In Nigeria, and Hausa areas of Niger, Kokawa has become regularised to the West African standard. There the striking component has been hived off to a separate boxing event called Dambe. Both are performed on the same traditional ring, though Dambe has become the preserve of traveling cofraternities of fighters.

==Goal==
Two fighters compete in a circular ring, in more formal events bound by sand bags. Each fighter attempts to eject the other from the ring, though they can win by knocking the other off their feet or onto all fours.
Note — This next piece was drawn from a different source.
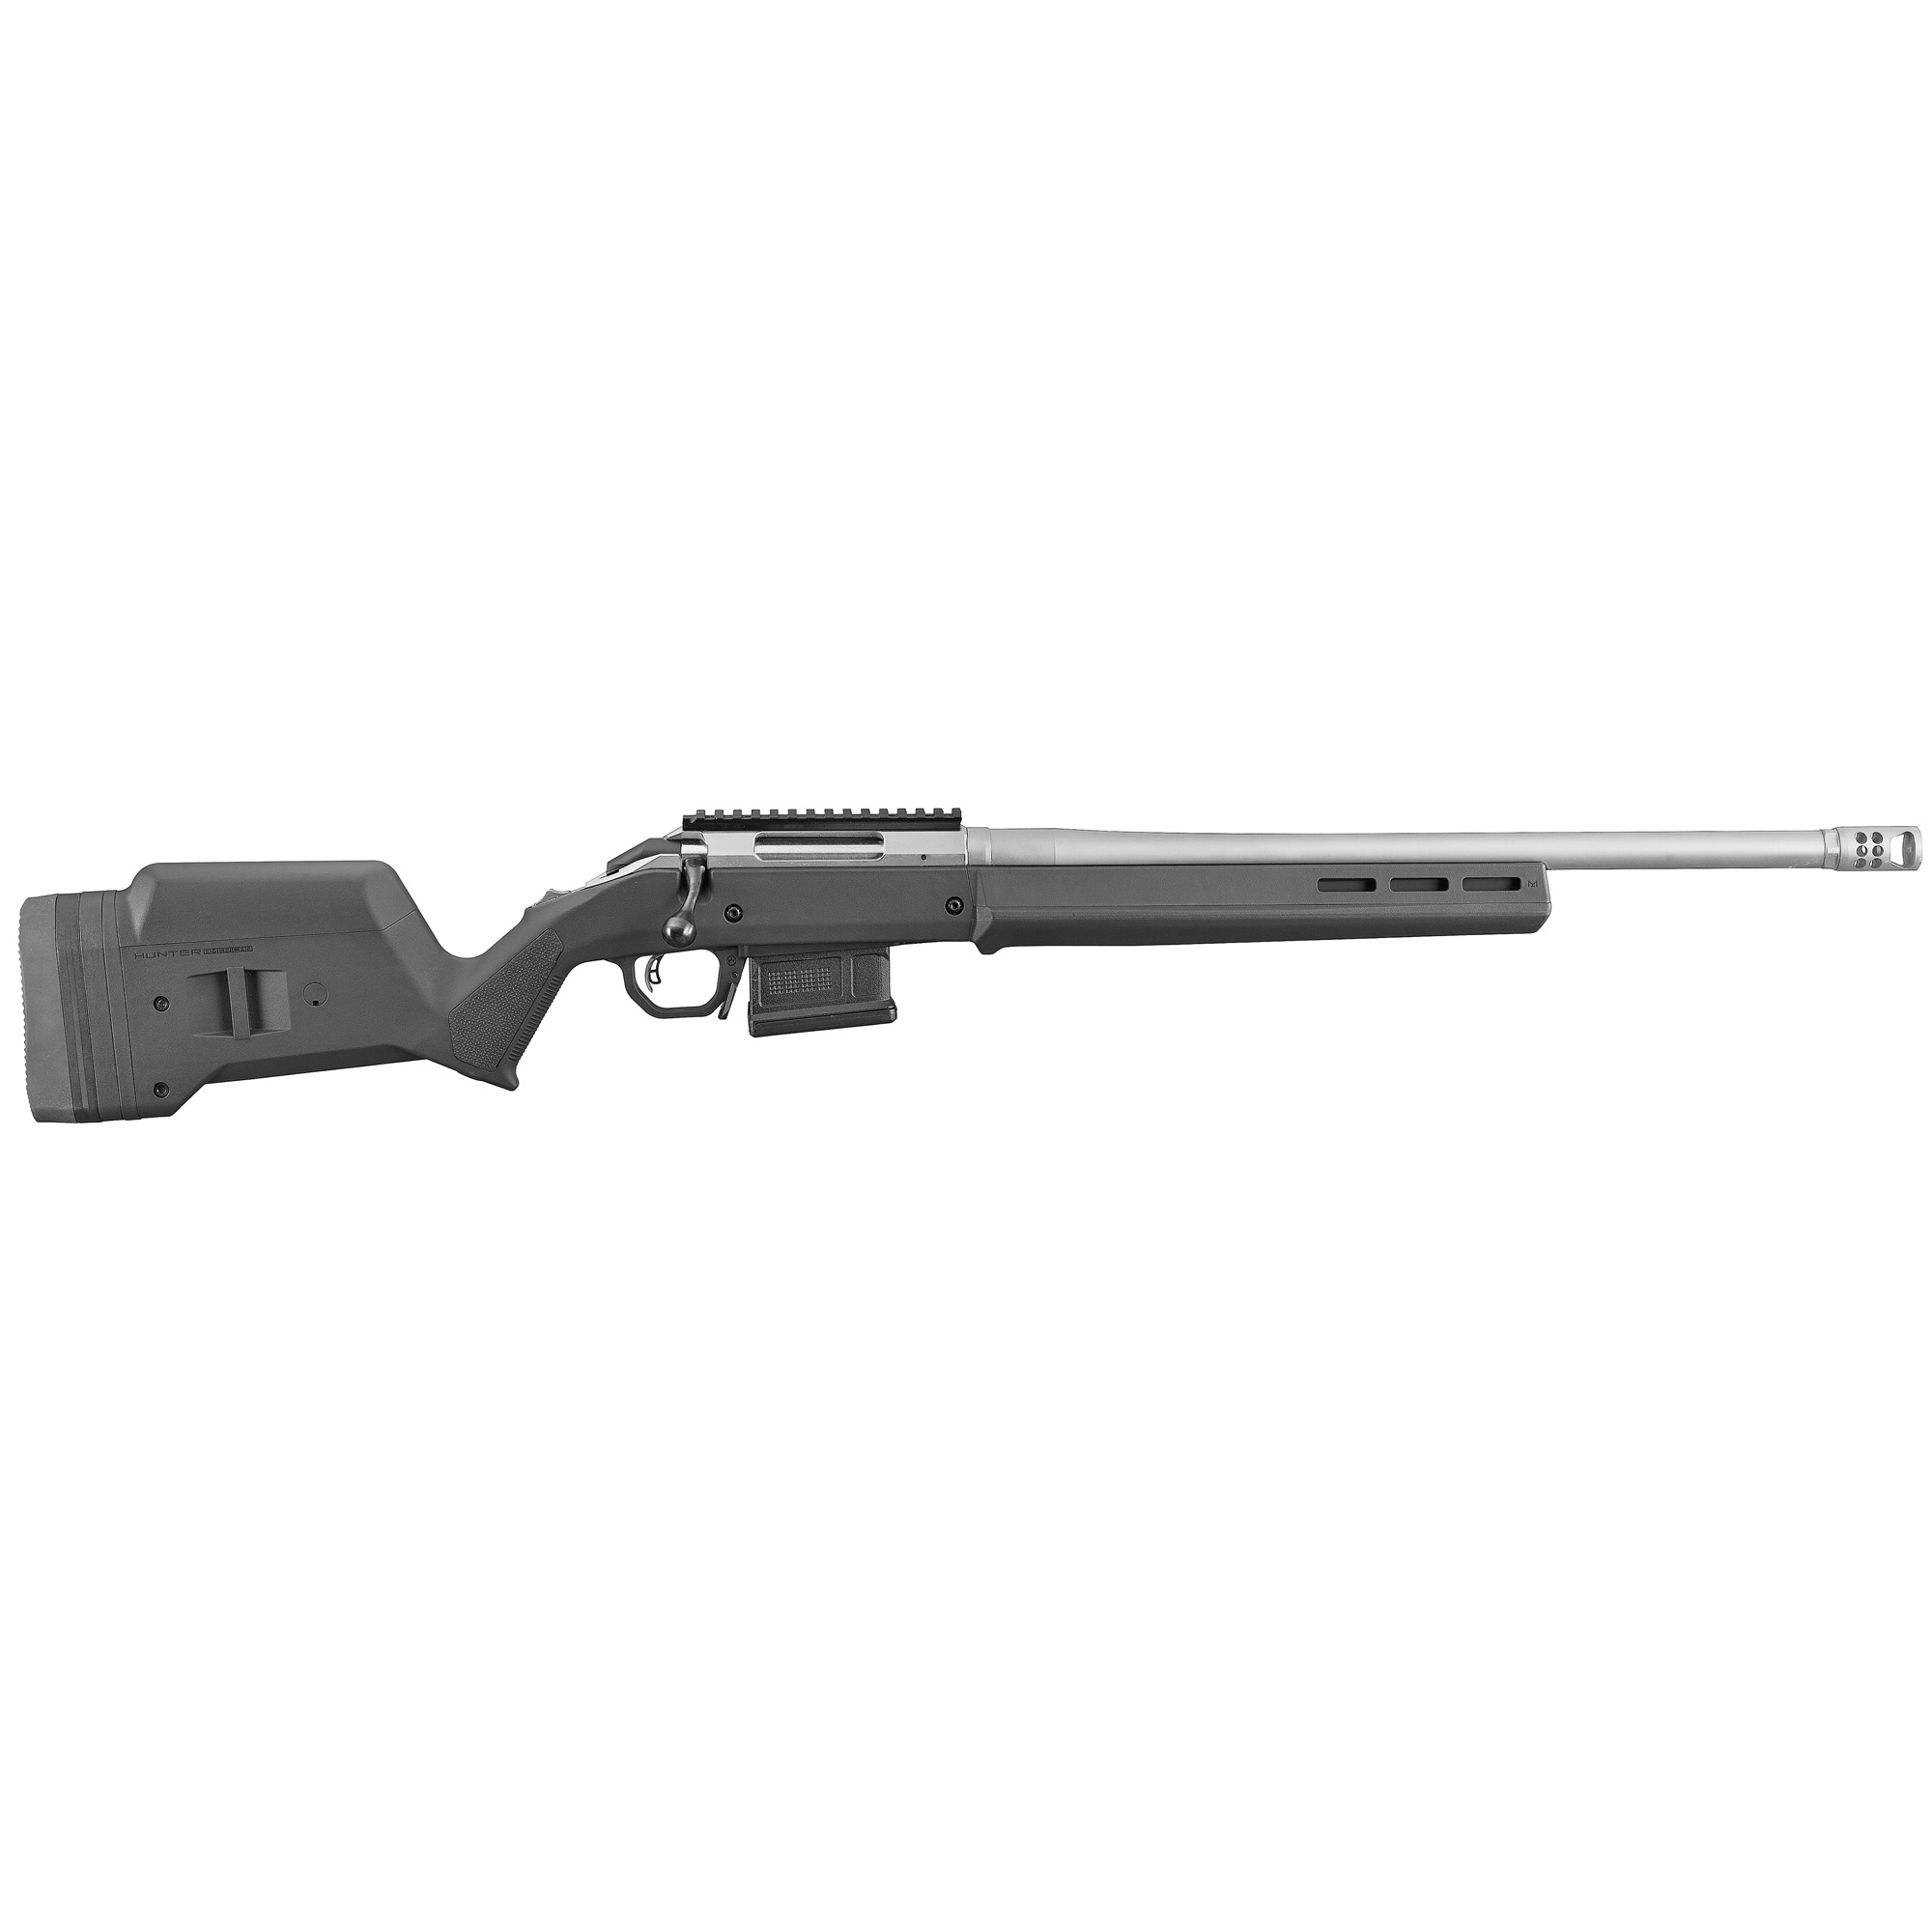 RUGER AMERICAN TAC 308WIN 16 5RD TL

==International organisation==
Lutte Traditionnelle has grown in organisation and popularity throughout much of West Africa since the 1980s. Alongside national championships in many nations, several organisations have organised international tournaments, which in turn have necessitated a harmonisation of rules. International competition takes place during the Jeux de la Francophonie and since 2000, is overseen by a coordinating body which organises the African Championship of lutte traditionnelle. In 2008, the Economic Community of West African States (ECOWAS) organised its first international championship for Lutte Traditionnelle in Dakar, inviting teams from eleven nations: Senegal, Mali, Niger, Nigeria, Burkina Faso, Guinea, Gambia, Guinée Bissau, Togo, Liberia and la Côte d'Ivoire. Nigeria won the competition, marking the first time an Anglophone nation (outside the Gambia) has won a major Lutte tourney.

The Canarian migration route has brought migrant teenagers familiarised with Senegalese, Mali and Mauritanian wrestling into Canarian wrestling, which has similarities and differences with the continental styles.